Everything in the listing below should be repeated exactly, apart from the pictures.
Stored data: Begin
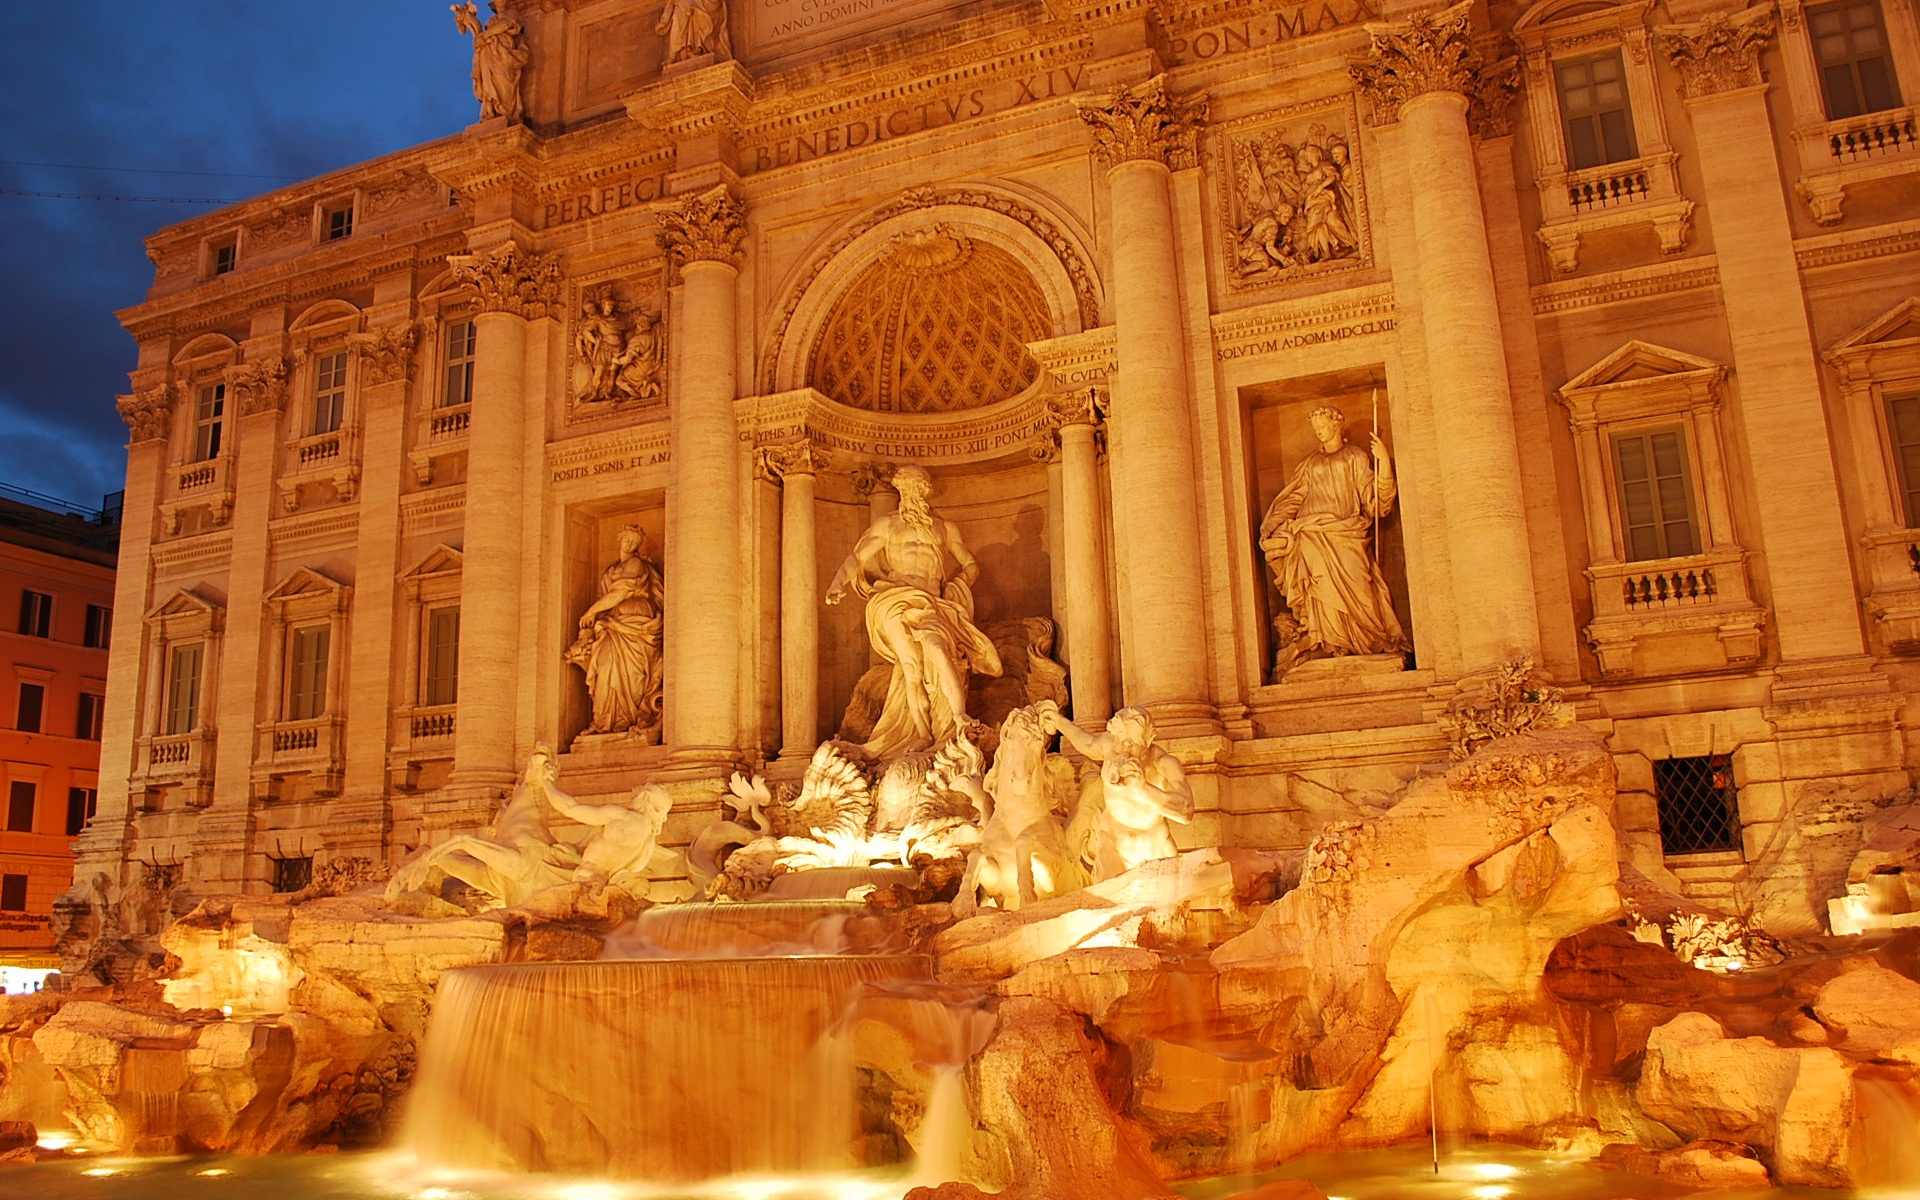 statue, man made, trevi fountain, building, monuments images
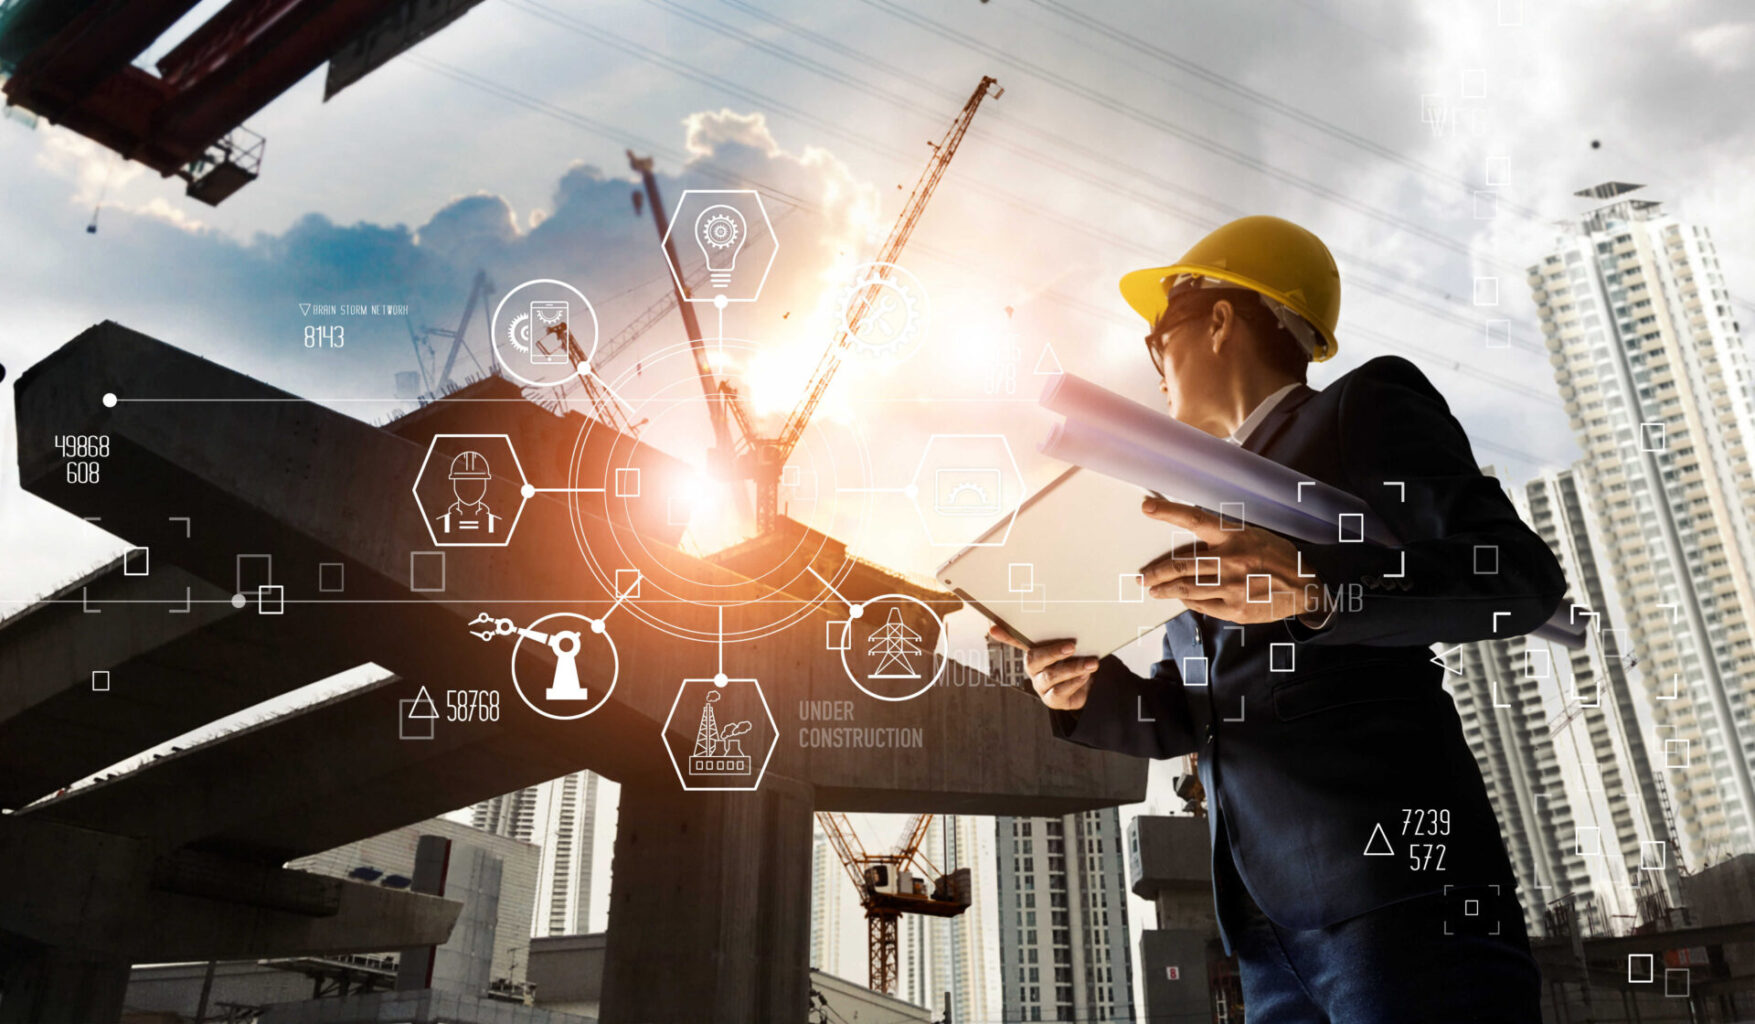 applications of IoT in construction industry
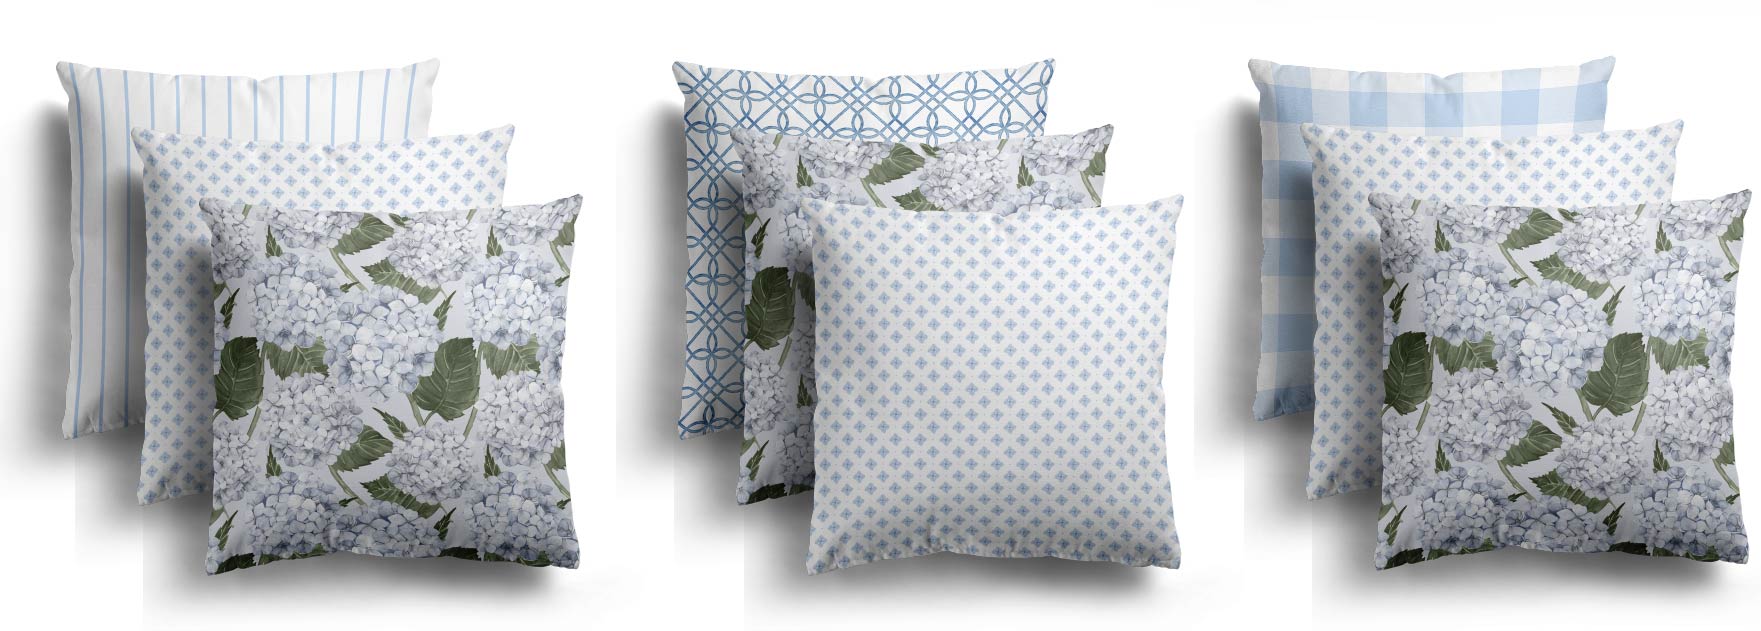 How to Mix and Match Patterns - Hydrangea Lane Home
Stored data: End
● Expected answer:
 statue, man made, trevi fountain, building, monuments images
 applications of IoT in construction industry
 How to Mix and Match Patterns - Hydrangea Lane Home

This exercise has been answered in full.